# Cone yarn for sock knitting



## Dodi2056 (Dec 31, 2013)

Can anyone tell me if they buy sock yarn by the cone, and if so, where do you get it? I have lots of skeins, but can't find a place to get sock yarn on cones. I am looking for the wool / nylon blend in particular. It may not even produced on cones for this particular blend, but thought I would ask other machine knitters.


----------



## chickkie (Oct 26, 2011)

I have sock yarn on cones, it is wonderful, but I haven't been able to find any self patterning yarn on a cone (not that I need any)

I can't tell you where to get it, but I can tell you what to look for. 

Forsell SuperSoftware. 4ply. 60% wool 40% nylon. Wears like a pigs nose. I have this in off white, green, red and purple. 

I've also found Kroy 3ply on a cone - but very seldom. I think I might have 2 cones of that, again in plain colors.


----------



## Weegie (Sep 1, 2012)

Wears like a pigs nose

That's one I haven't heard before!! Will have to remember that!


----------



## oystergirl (Apr 16, 2011)

I use Webs Franklin Sock yarn. Good wear, reasonable price. Only comes in natural, but dyes beautifully !


----------



## tjmartinez2010 (Sep 11, 2012)

I found some recently, but cannot find the link right now. I will try to find it at lunch. I believe it was natural, so I could dye sock blanks.


----------



## meknit (Dec 5, 2012)

"Wears like a pig's nose" it is, it does not fit like a glove anymore. Love the nose expression.


----------



## nannie343 (Aug 15, 2012)

I heard a reference to Web's Franklin Sock yarn the other day. Sounds like it's a yarn I must try. I want to use it on my Circular sock machine.
Rhonda


----------



## Lyndee (Nov 5, 2011)

Here's a link to the Web's Franklin sock yarn on cones (undyed)

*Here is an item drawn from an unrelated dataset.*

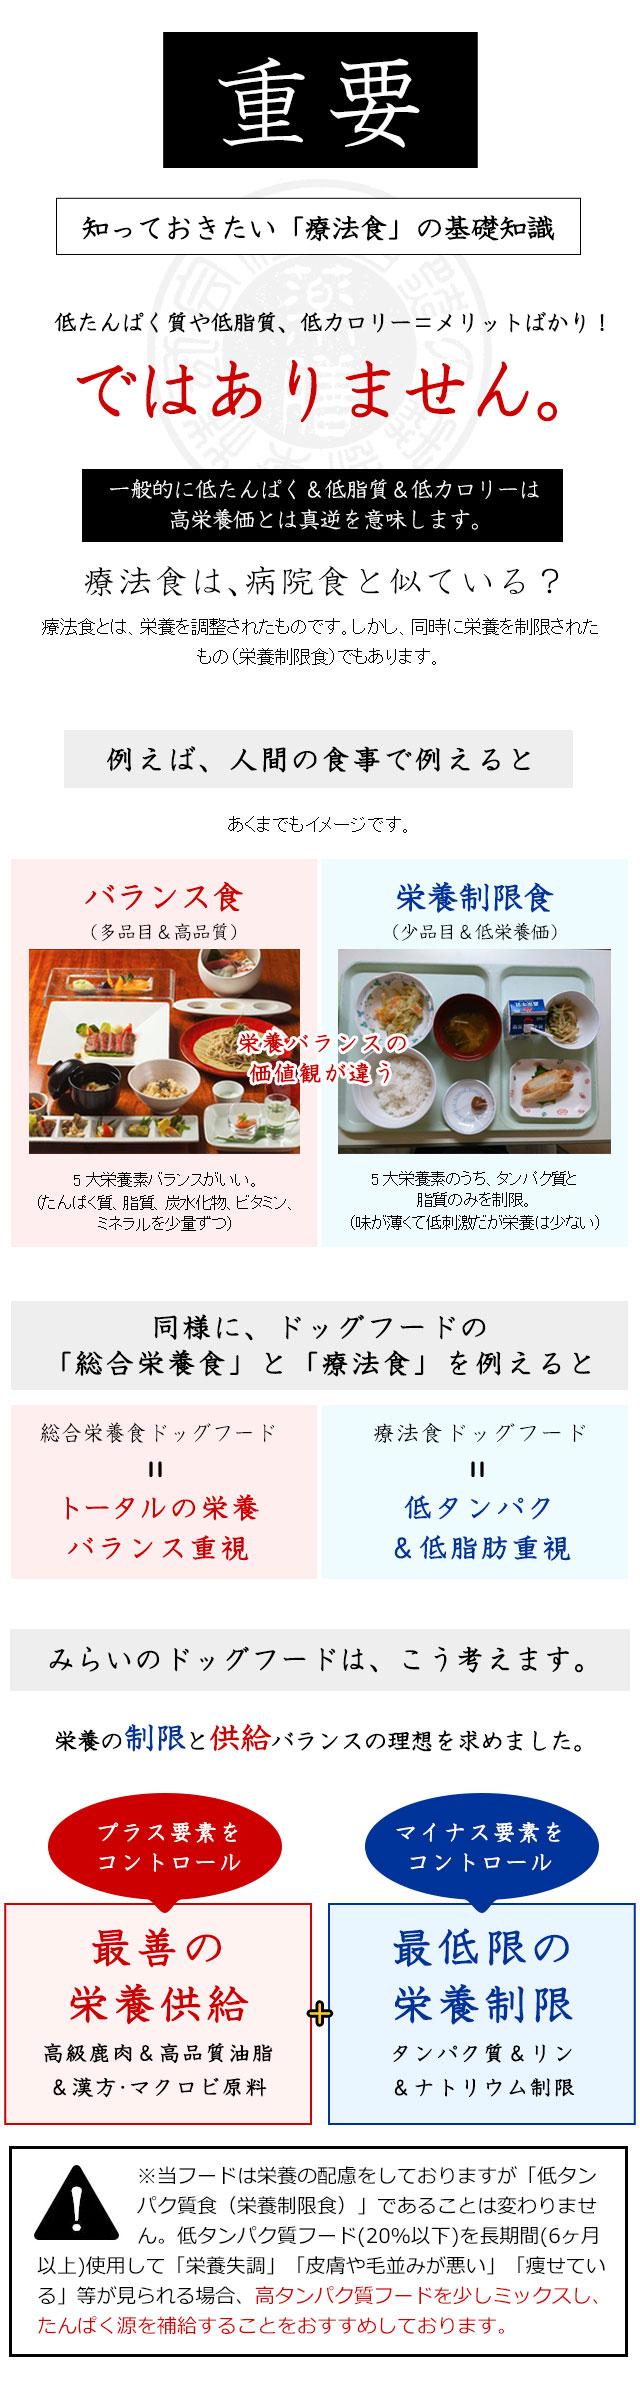 膵臓 に いい 食べ物

http://www.yarn.com/index.cfm/fuseaction/product.detail/categoryID/A6851465-EEFA-4EF6-A2AE-A3F6C1BA87A4/productID/F58CB379-A54F-474B-98CC-E0F836455CD0/


----------



## PatCollins (Nov 19, 2011)

I have been thinking of ordering from this company.
http://www.yarniapdx.com


----------



## tjmartinez2010 (Sep 11, 2012)

Found it! This is what I have. The washable sock yarn is called Mermade plus. Hope it helps.

The coned mermade yarn would be $36.00 per pound. We don't have it on our website, but if you'd like to place an order by phone that would work, or we could send you a paypal invoice, or you could order something else on our website and say in "special instructions" what you'd actually like and we can make the adjustments on this end. Would any of those work for you?
Thanks for your interest,
Julia

Blackberry Ridge Woolen Mill
(608) 437 3762


----------



## ChristmasTree (Nov 28, 2011)

tjmartinez2010 said:


> Found it! This is what I have. The washable sock yarn is called Mermade plus. Hope it helps.
> 
> The coned mermade yarn would be $36.00 per pound. We don't have it on our website, but if you'd like to place an order by phone that would work, or we could send you a paypal invoice, or you could order something else on our website and say in "special instructions" what you'd actually like and we can make the adjustments on this end. Would any of those work for you?
> Thanks for your interest,
> ...


Those are pretty, and a good price. Would the coned yarn be only for the single colors?


----------



## euvid (Apr 2, 2011)

if you belong to the sock machine knitting group there is a
woman in Canada who imports the Opal line and sells it at a discount to members. SHe has beautiful sock yarns by the ball and some of them on cones.

[email protected]


----------



## LydiaKay (Apr 15, 2012)

Just purchased a couple pounds of Franklin yarn. All I've done so far is knit sock blanks for grandsons to dye with kool-aid. Dyes great. The yarn is definitely natural or cream color before dyeing.


----------



## GrammaAnn (Dec 16, 2011)

Lydia, some of the reviews say the Franklin yarn - ready to dye - is hard and scratchy - has that been your experience?


----------



## LydiaKay (Apr 15, 2012)

GrammaAnn said:


> Lydia, some of the reviews say the Franklin yarn - ready to dye - is hard and scratchy - has that been your experience?


It's hard to tell. Sock blank is double strand so not too supple. Will know more when I get knitting single strand. I do know it is not the softest but when you are knitting for 6 grandsons, two of which are big footed teenagers, you can't be too choosy.


----------